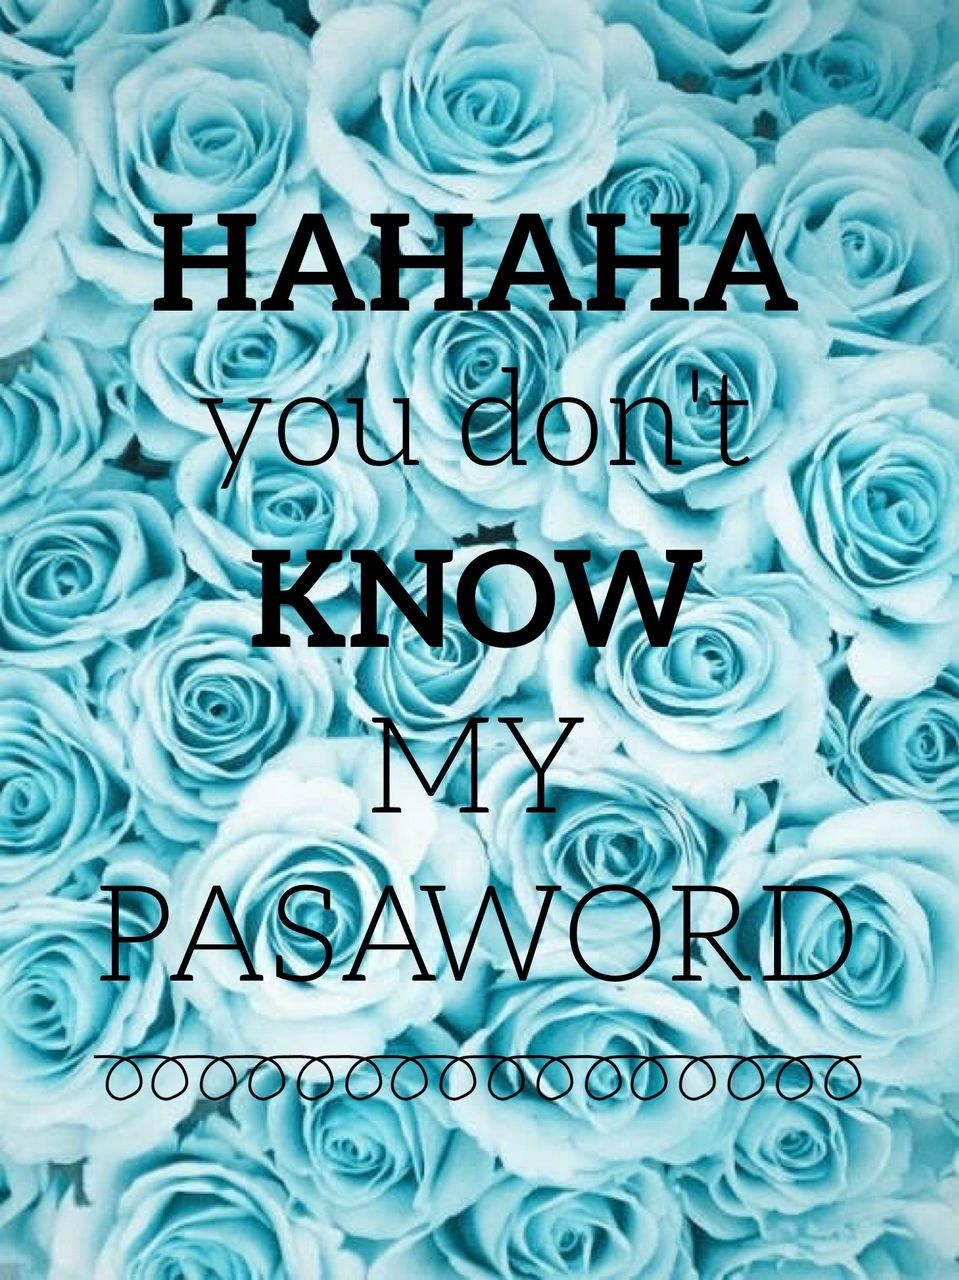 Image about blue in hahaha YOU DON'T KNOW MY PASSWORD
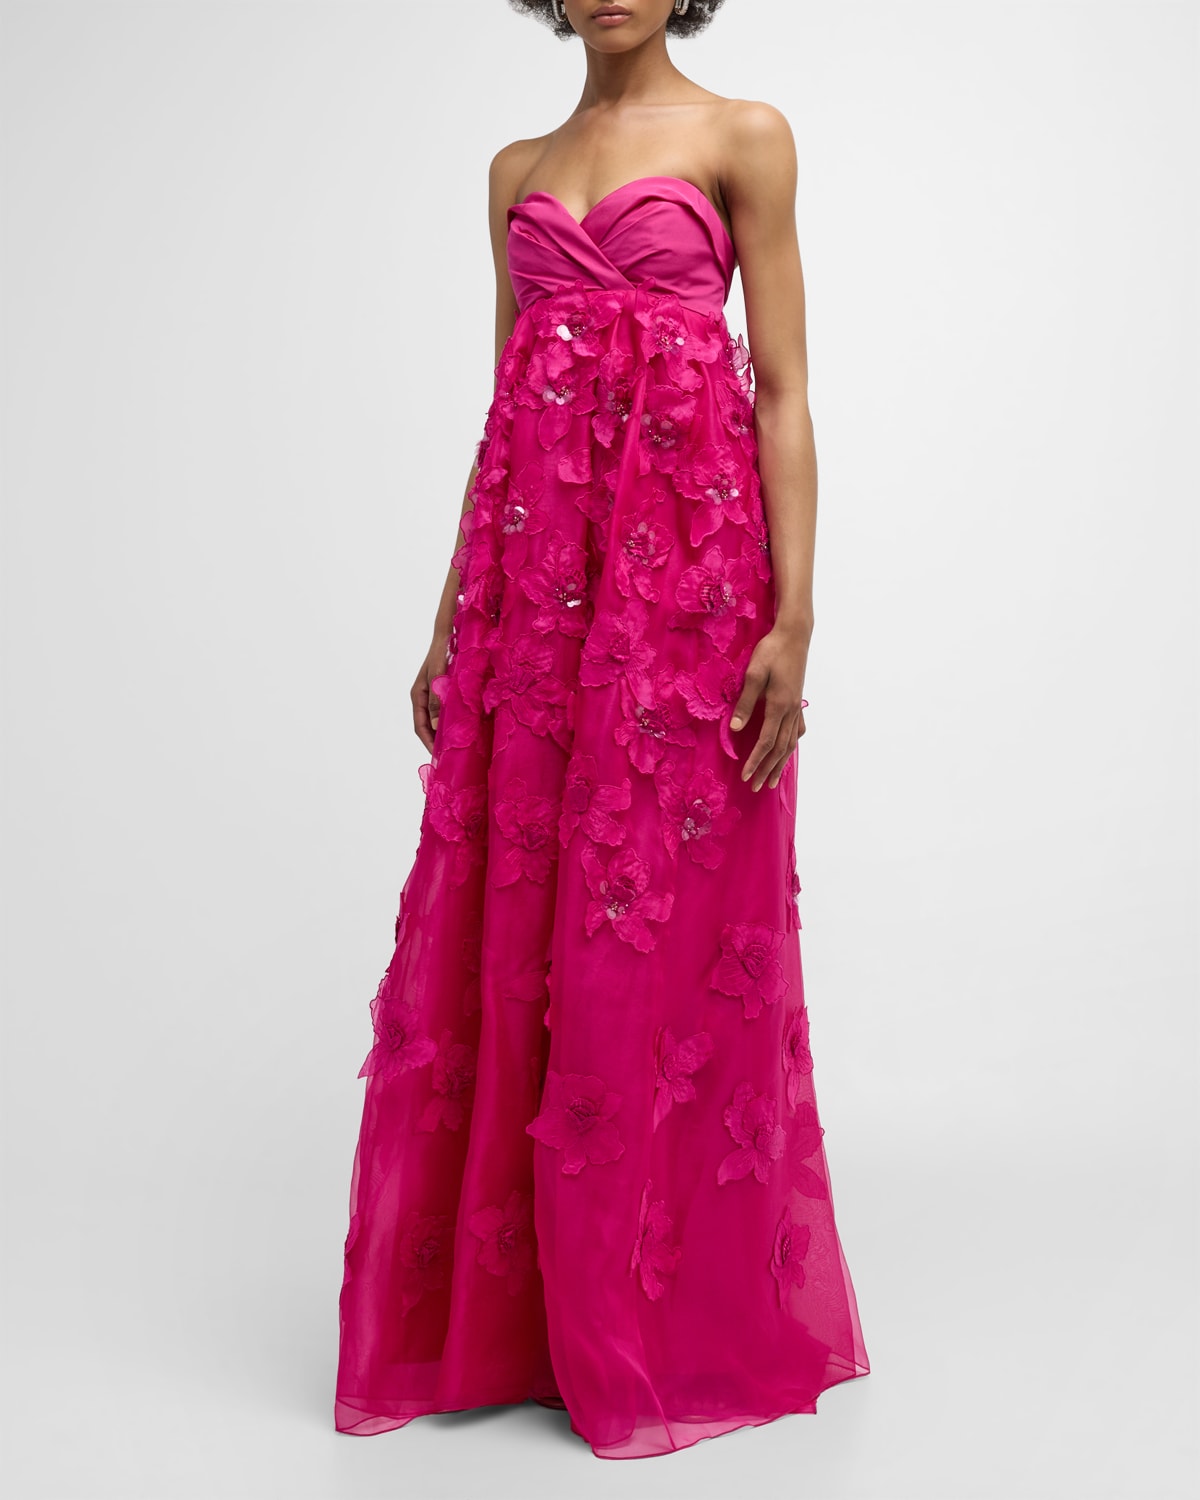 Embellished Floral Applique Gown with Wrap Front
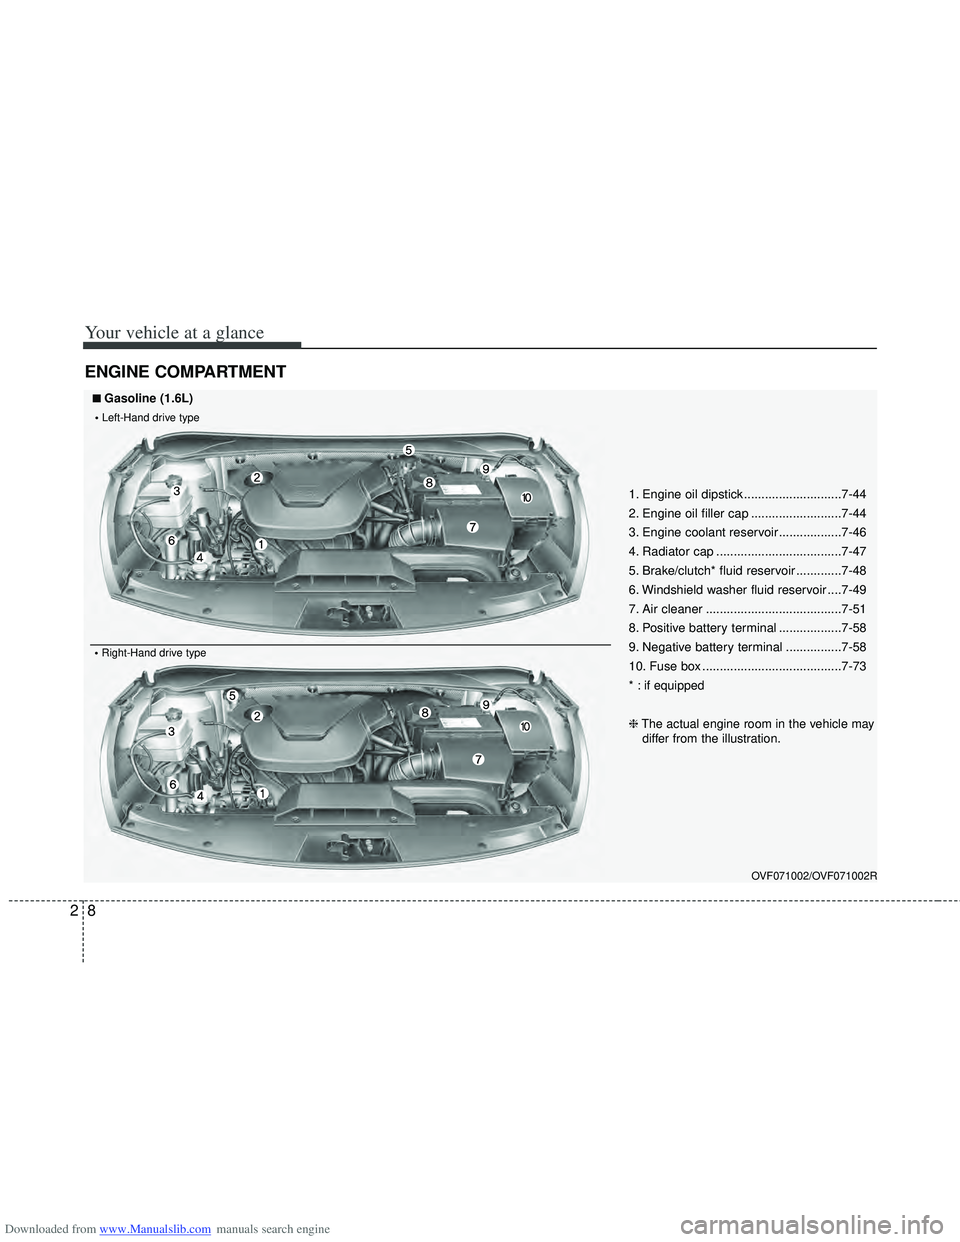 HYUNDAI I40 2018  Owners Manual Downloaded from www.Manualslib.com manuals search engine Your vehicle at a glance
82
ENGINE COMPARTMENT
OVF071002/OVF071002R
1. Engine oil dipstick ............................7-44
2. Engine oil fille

...

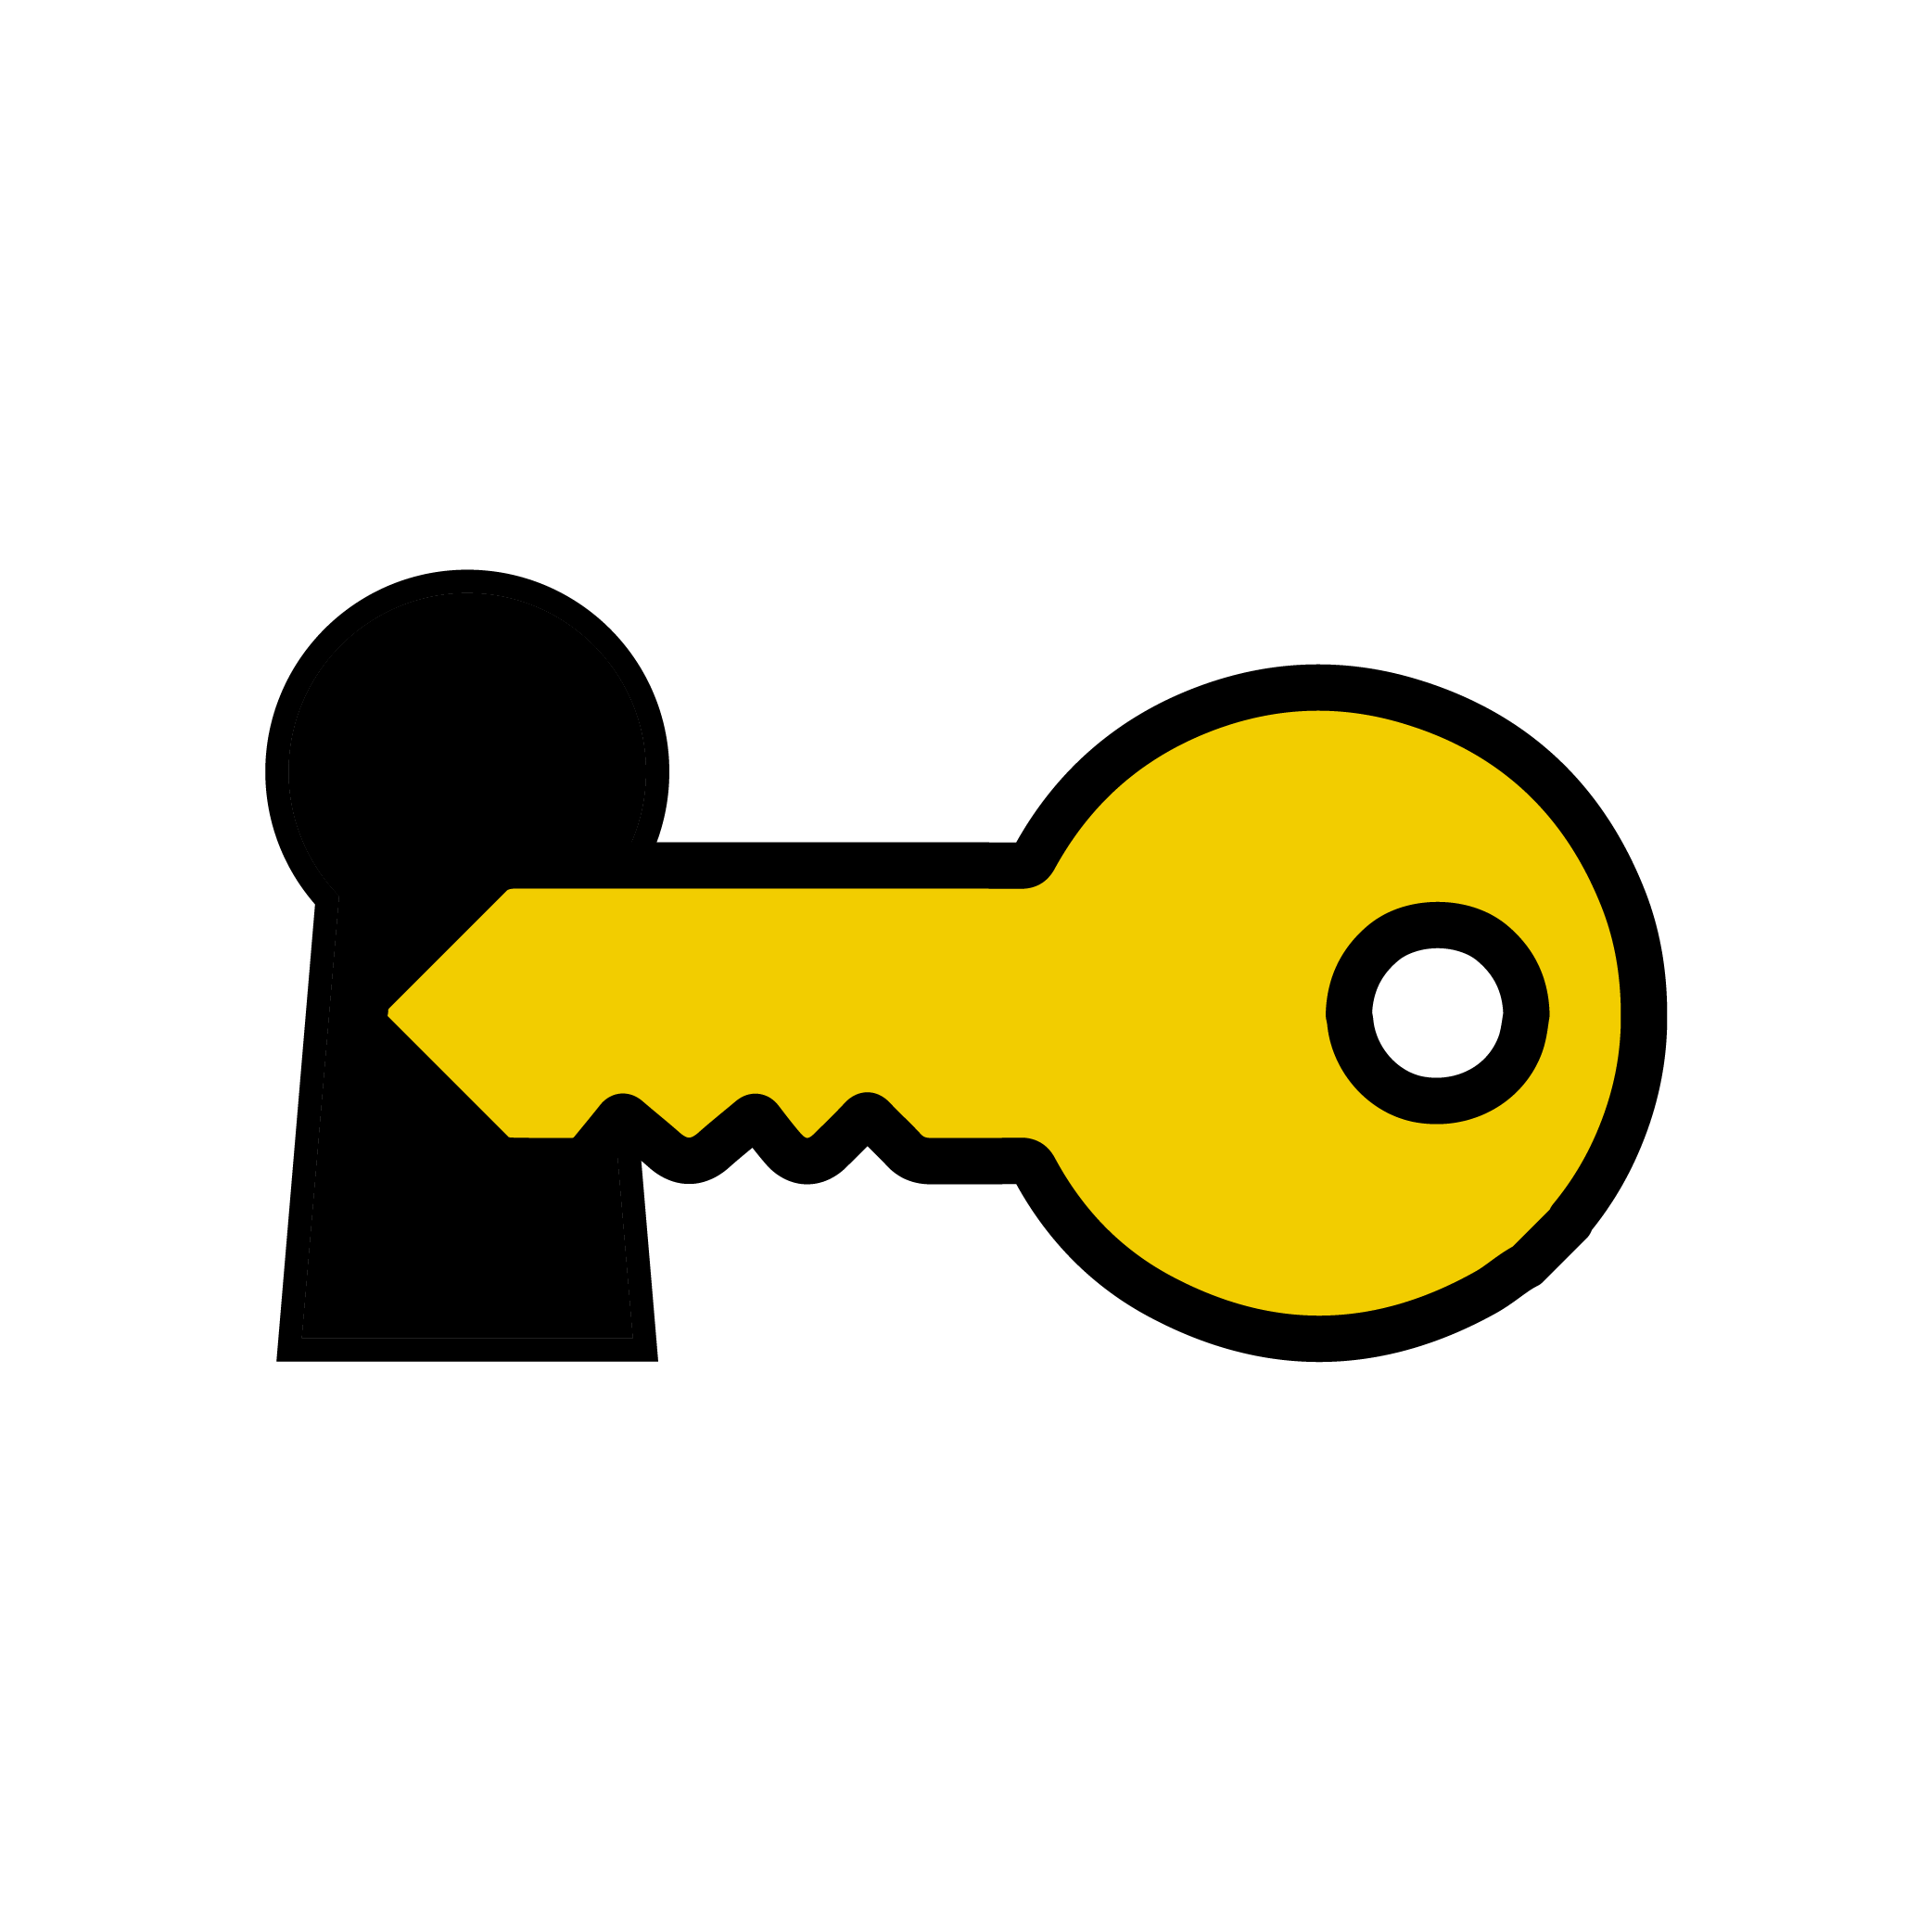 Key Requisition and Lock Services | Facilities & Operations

*EXERCISE DIRECTIONS*.
Output exactly the lines above that lie between the line with "Image about blue" and the line with "2. Engine oil fille", those two lines included, and no pictures.

*RESPONSE*.
 Image about blue in hahaha YOU DON'T KNOW MY PASSWORD
 Embellished Floral Applique Gown with Wrap Front
 HYUNDAI I40 2018  Owners Manual Downloaded from www.Manualslib.com manuals search engine Your vehicle at a glance
82
ENGINE COMPARTMENT
OVF071002/OVF071002R
1. Engine oil dipstick ............................7-44
2. Engine oil fille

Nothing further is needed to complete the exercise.